There were variable bone and joint affection, and the most common location of bony affection in the study was the hind-foot. Forty-four out of fifty patients had bone marrow edema-like signals. Thirty-seven patients (74%) were diagnosed with osteomyelitis, whereas seven (14%) patients were diagnosed with non-infective/bland bone marrow edema signals which were related to Charcot arthropathy and/or nearby infection. Both visual and quantitative assessments of chemical shift imaging showed high sensitivity and specificity in diagnosis of DFO. The optimal cut-off point of signal intensity ratio for diagnosis of DFO was 1.005 with high sensitivity and specificity.

Conclusions

Chemical shift imaging and related Dixon sequence were reliable methods in diabetic foot evaluation; they could help differentiate infectious edema-like changes of osteomyelitis from and bland edema of osteomyelitis mimickers with high sensitivity and specificity especially on using quantitative analysis of their signal abnormality.

Background

Diabetic foot syndrome is the most common musculoskeletal complication of diabetes mellitus; the most clinically important concerns are the neuropathic joints and osteomyelitis, both of which are considered as a major source of disability in diabetic patients [1,2,3].

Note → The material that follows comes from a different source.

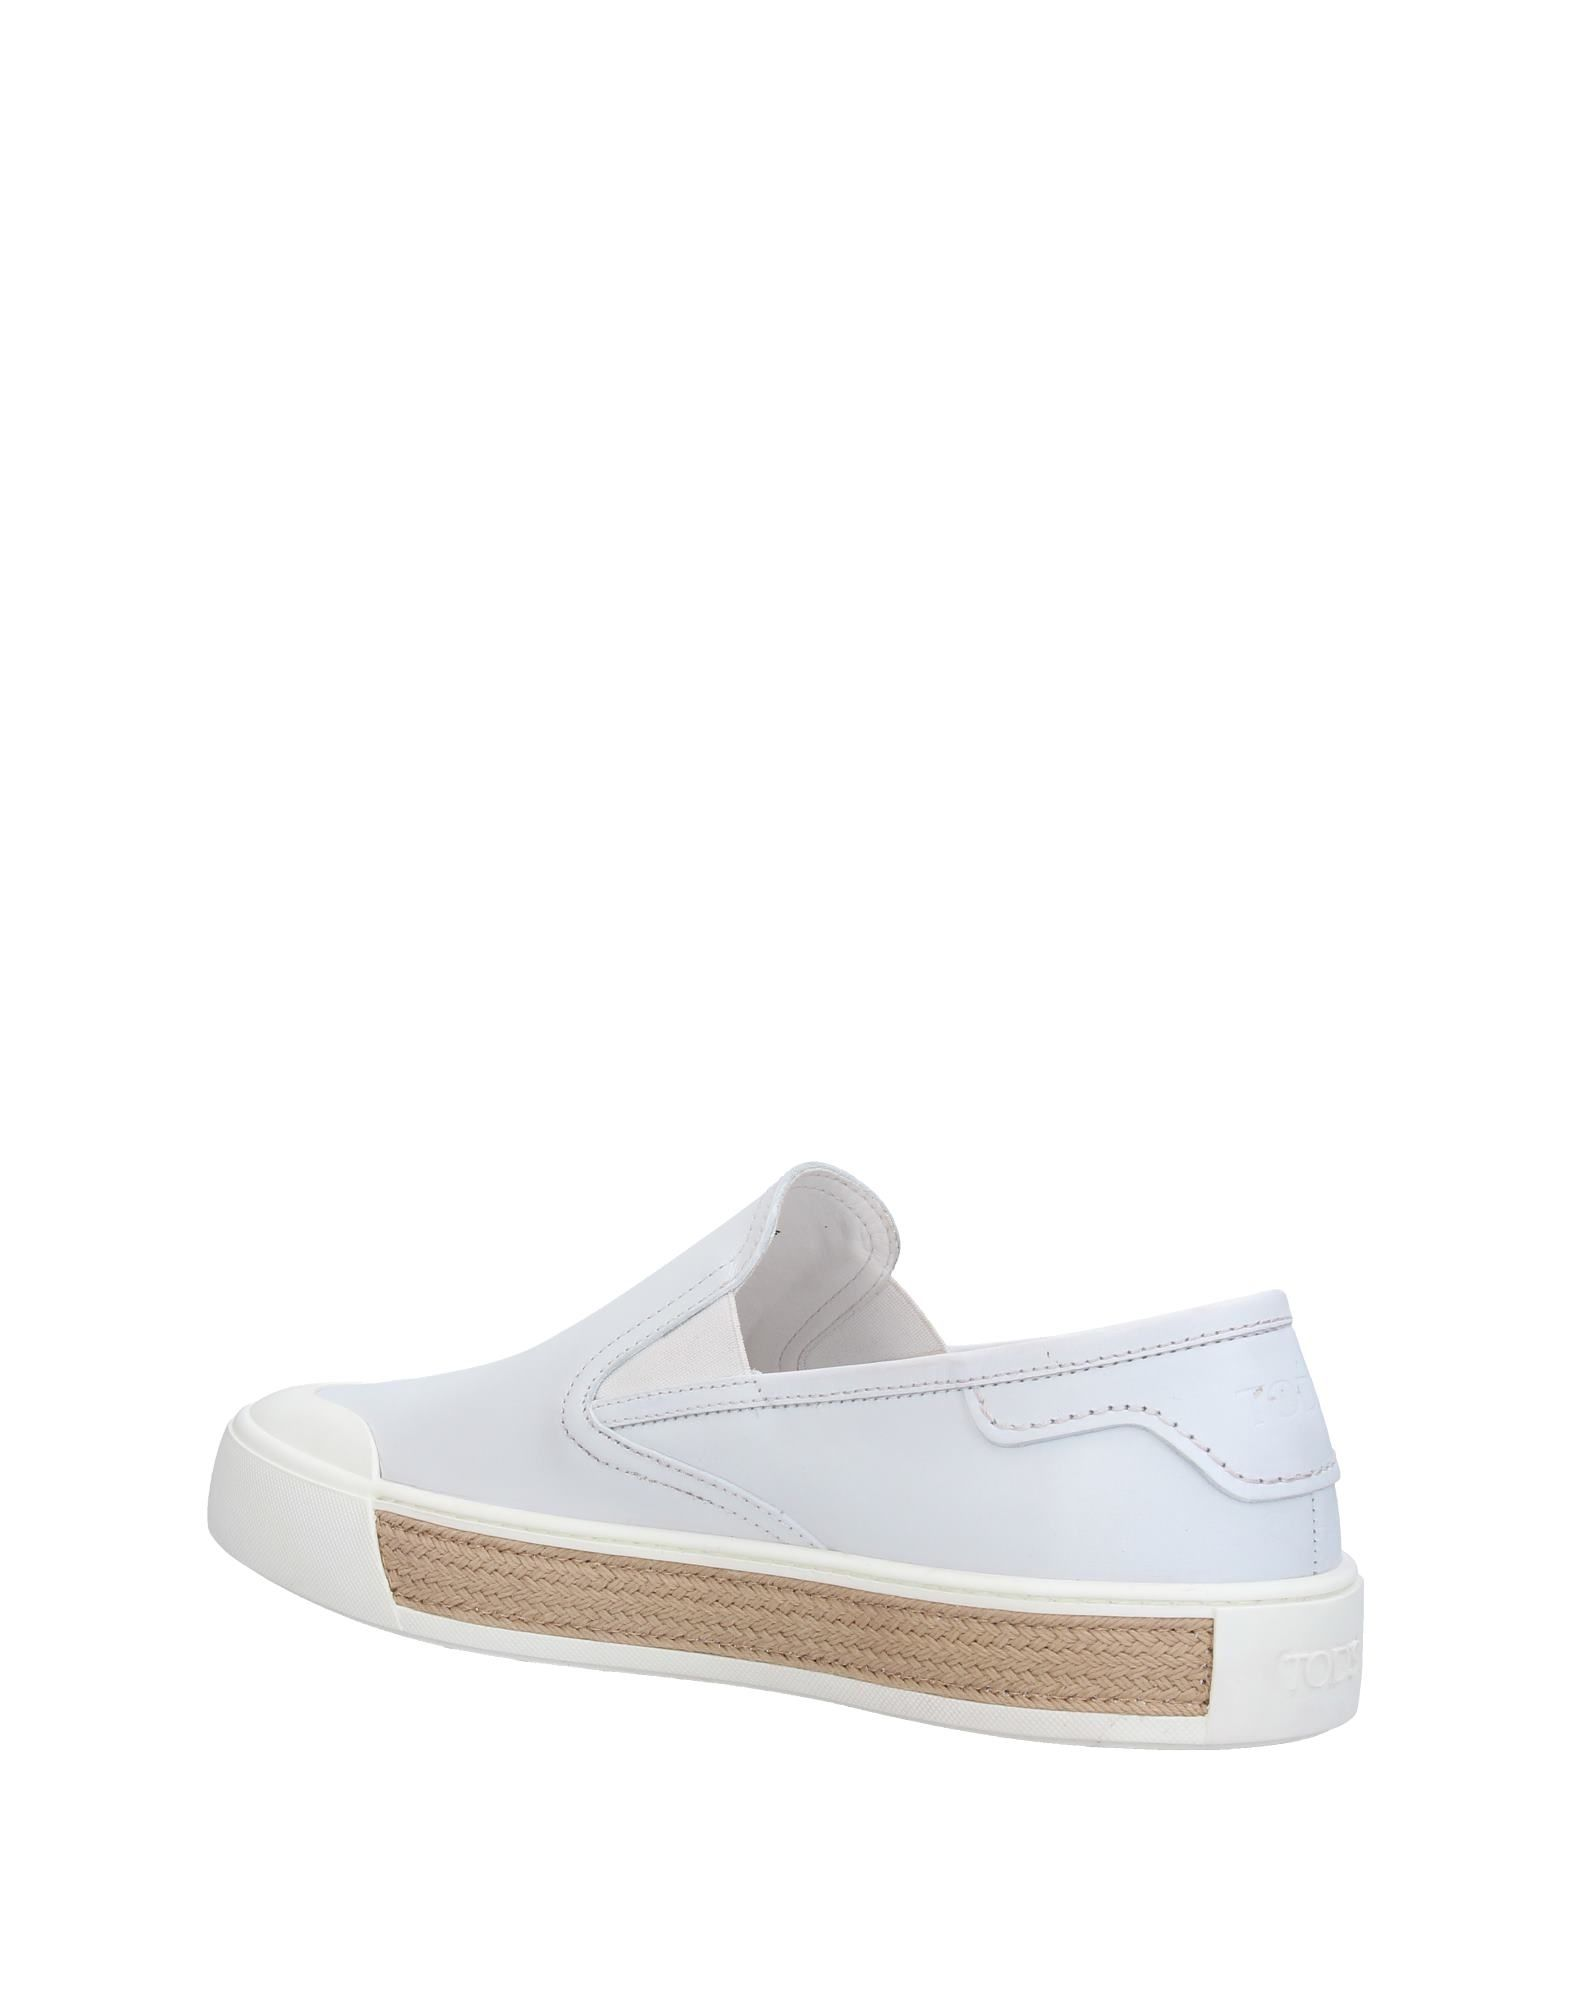 Tod's Sneakers Herren Qualität  11398392NL Gute Qualität Herren beliebte Schuhe e3c94c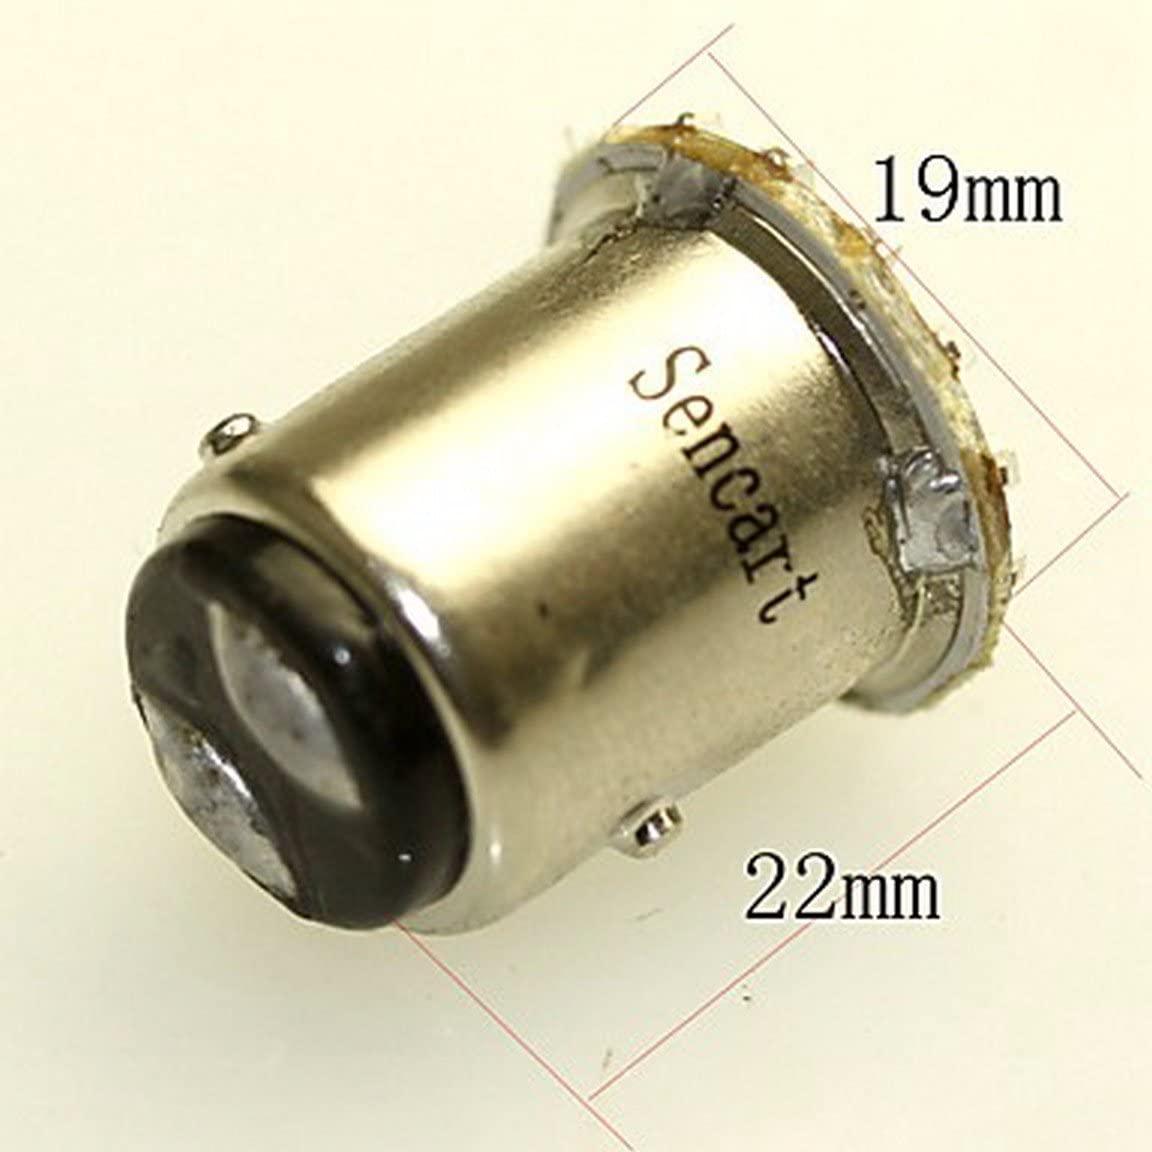 Ueannryer 10pcs 1156 P21W BA15S R10W 22x3014 LED car daytime running light Auto Tail Side Indicator Lights Parking Lamp Bulbs,Green,1157

Many imaging tools have been used for diabetic foot evaluation, among which, magnetic resonance imaging (MRI) is considered the best diagnostic tool that could effectively evaluate the bone marrow affection as well as the soft tissue changes [4, 5]. However, MRI assessment of the diabetic foot is somewhat challenging, particularly when dealing with the frequently faced diagnostic dilemma, questionable diabetic foot osteomyelitis (DFO), in such cases, bone marrow signal abnormality of osteomyelitis can mimic that of neuropathic arthropathy [6, 7].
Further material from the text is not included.